The liability arose as a result of the supply of forest produce the quantification of liability was liable to be made by the instrument of the notifications issued in accordance with the provisions of the Act. The view that there was no remission or cessation of the liability during the previous year, relevant to Assessment Year 1982- 83, was a possible view having regard to the circumstances, which transpired after the judgment of the Kerala High Court.

These circumstances included the following:

(i) The recommendations made by the Expert Committee on 25th March 1982 for the refixation of prices of forest produce six days before the end of the financial year;

(ii) The issuance of fresh notifications by the State Government; (iii) The challenge by the assessee to the fresh notifications;

(iv) The judgment of the Kerala High Court dated 28th May 1984, setting aside the second set of notifications;

(v) The filing of Special Leave Petitions before the Supreme Court challenging the judgment of the Kerala High Court in the second round; and

(vi) The interim order passed by the Supreme Court requiring the assessee to pay at the rate of 60% of the prices/notification s and allowing encashment of Bank Guarantees for that purpose;

and (vii) The eventual resolution of the dispute by a settlement of 27th October 1988.

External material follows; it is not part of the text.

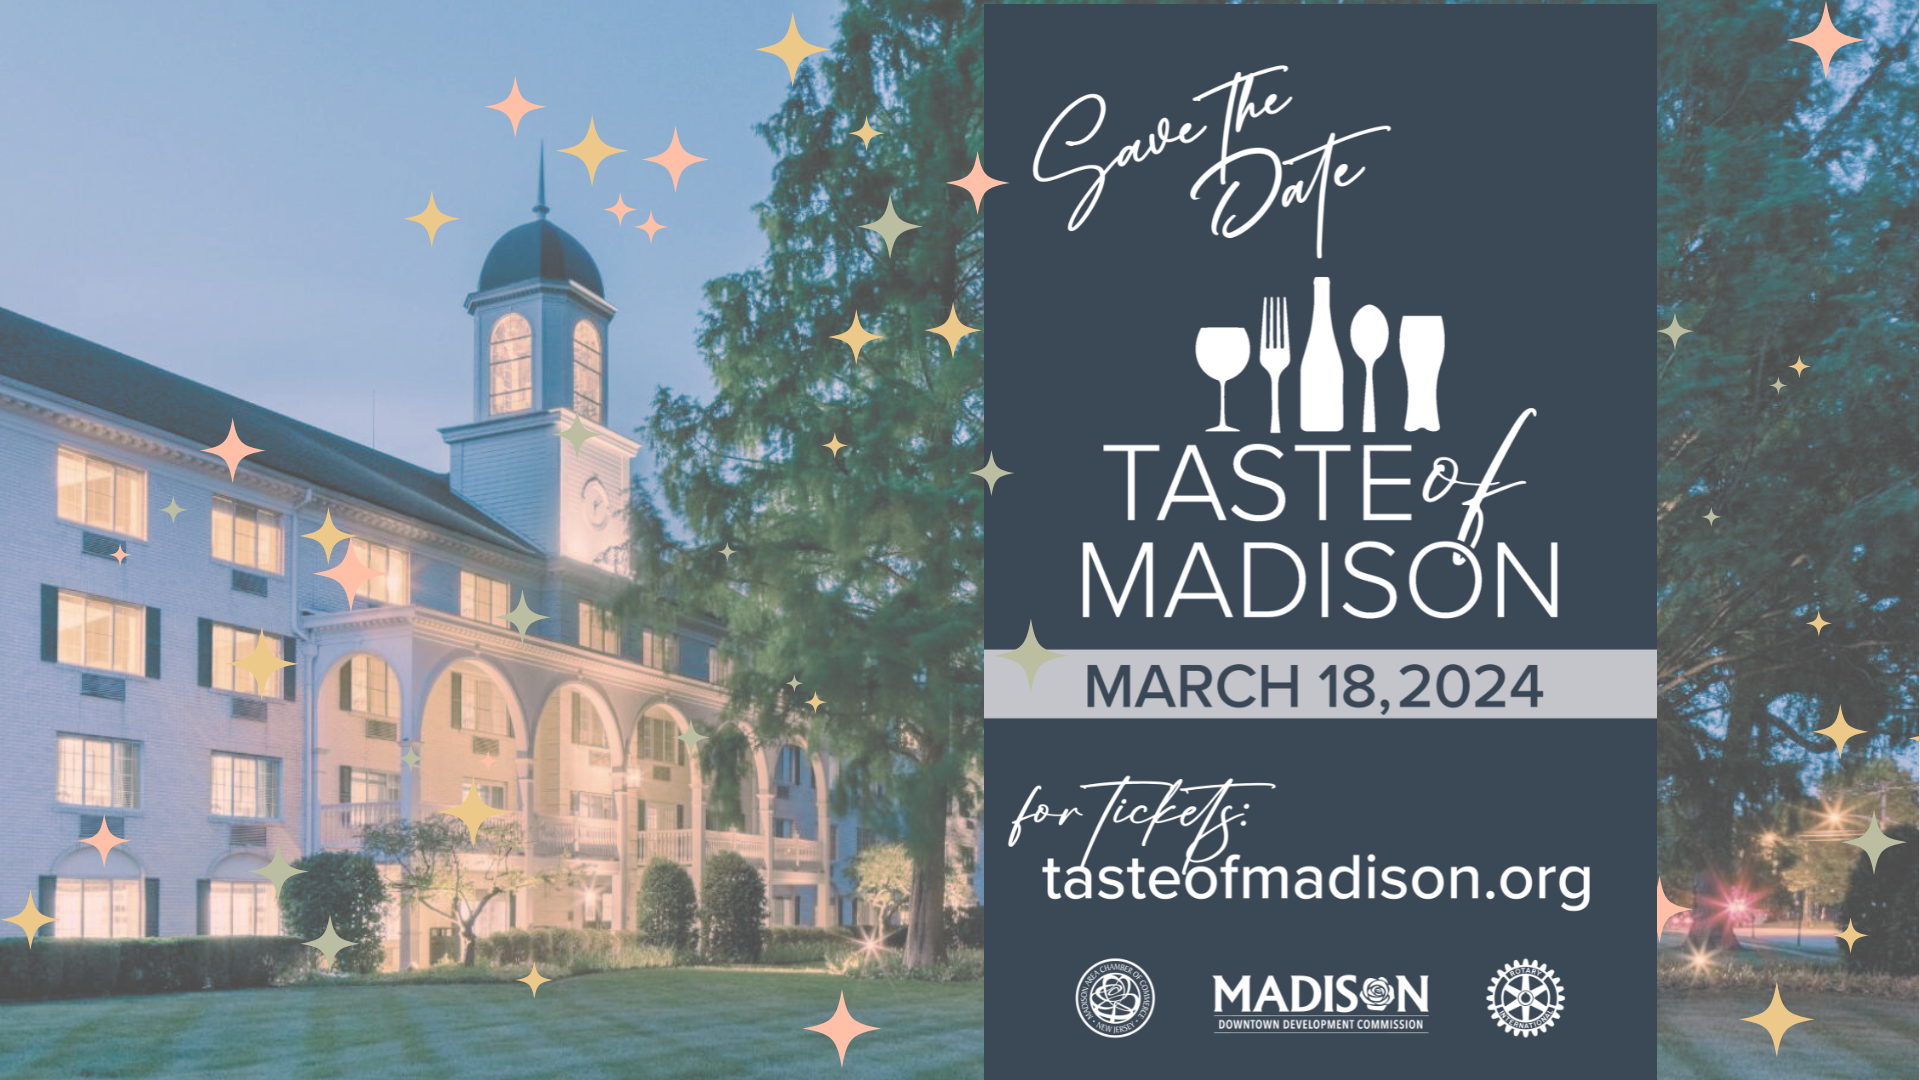 The Taste of Madison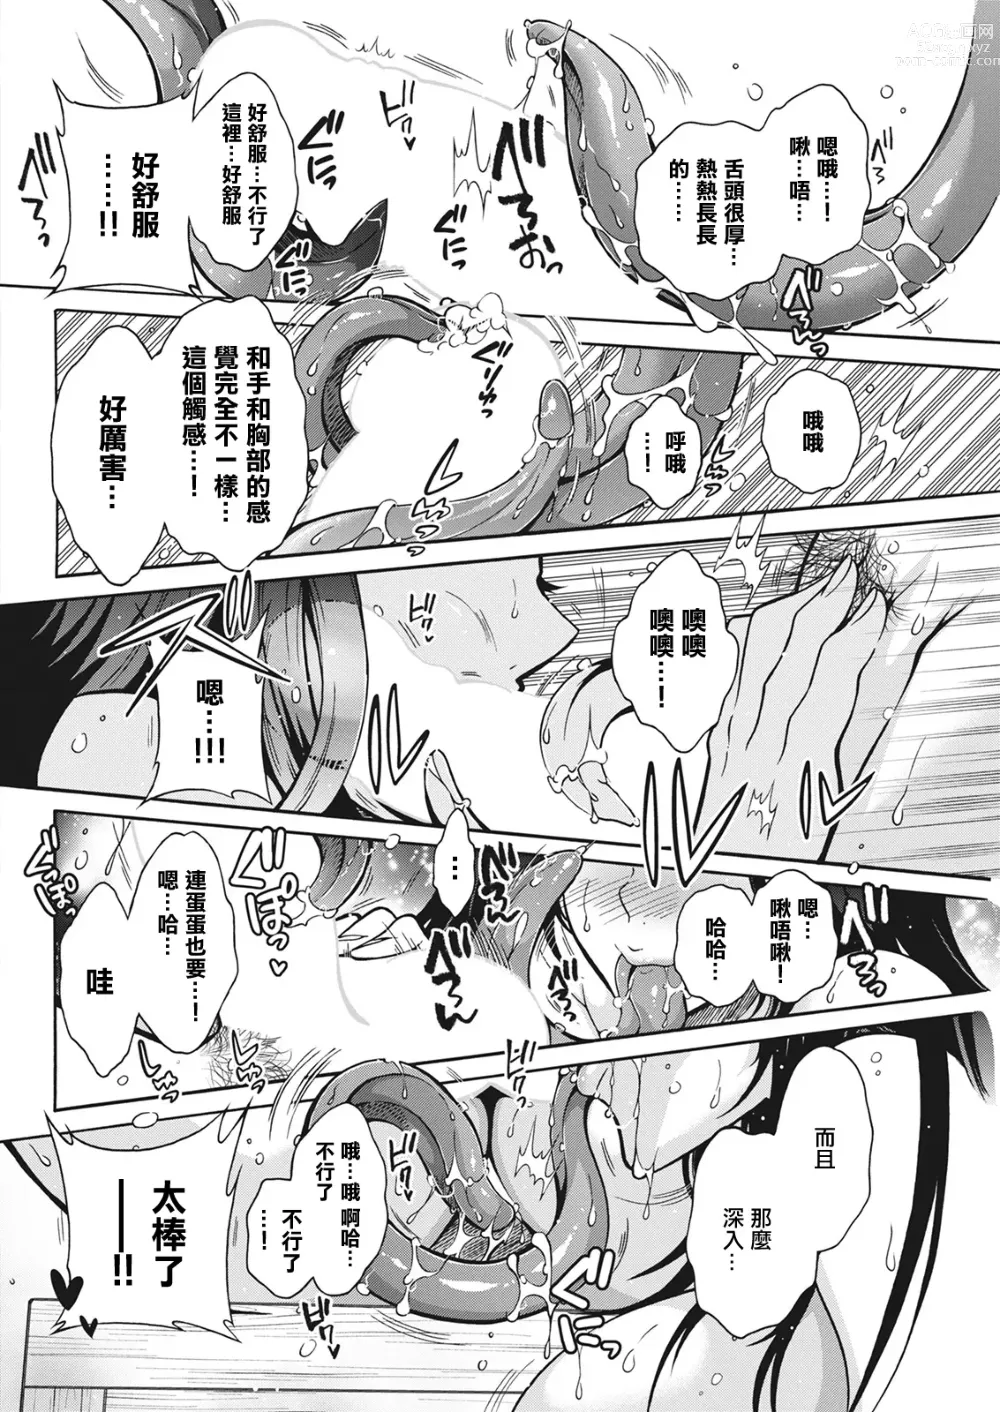 Page 10 of manga 妖怪HHH

15. In these circumstances, when the Assessing Officer took a possible view, while passing an order of assessment, the Commissioner exceeded his jurisdiction in seeking recourse to his power under Section 263. At the least, it must be held that the question as to whether the liability of the assessee had ceased in the previous year relevant to the Assessment Year 1982 ­83, was an

issue on which a possible view was that there was no final or irrevocable remission or cessation of liability, within the meaning of Section 41(1) of the Act, during Assessment Year 1982 ­83.

This view could not, by any stretch of logic, be regarded as being insustainable in law. The condition precedent to the exercise of jurisdiction under Section 263, is that the order sought to be revised must be erroneous in so far as it is prejudicial to the interests of the Revenue.

Following the judgments of the Supreme Court in Malabar Industrial Co. and Max India Ltd. (supra), it is now a settled principle that where the Assessing Officer has adopted one of the courses permissible in law or where two views are possible and the Assessing Officer has taken one view with which the Commissioner does not agree, it cannot be treated as an erroneous order prejudicial to the interests of the Revenue unless the view taken by the Assessing Officer is unsustainable in law. In the present case, two views were inherently possible and the assessee therefore, cannot be subjected to the exercise of the jurisdiction under Section 263.

The Tribunal, with respect, has adopted a rather simplistic view of the matter, in coming to the conclusion that the liability had ceased to exist, consequent upon the judgment of the Kerala High Court, dated 15th Apri1981.

This clearly overlooks the checkered history of the litigation. The fact that the litigation had a checkered history was noted in the interim order of the Supreme Court, which also referred to the “attendant uncertainties ” and to the possibility of a “further long drawn out litigation “.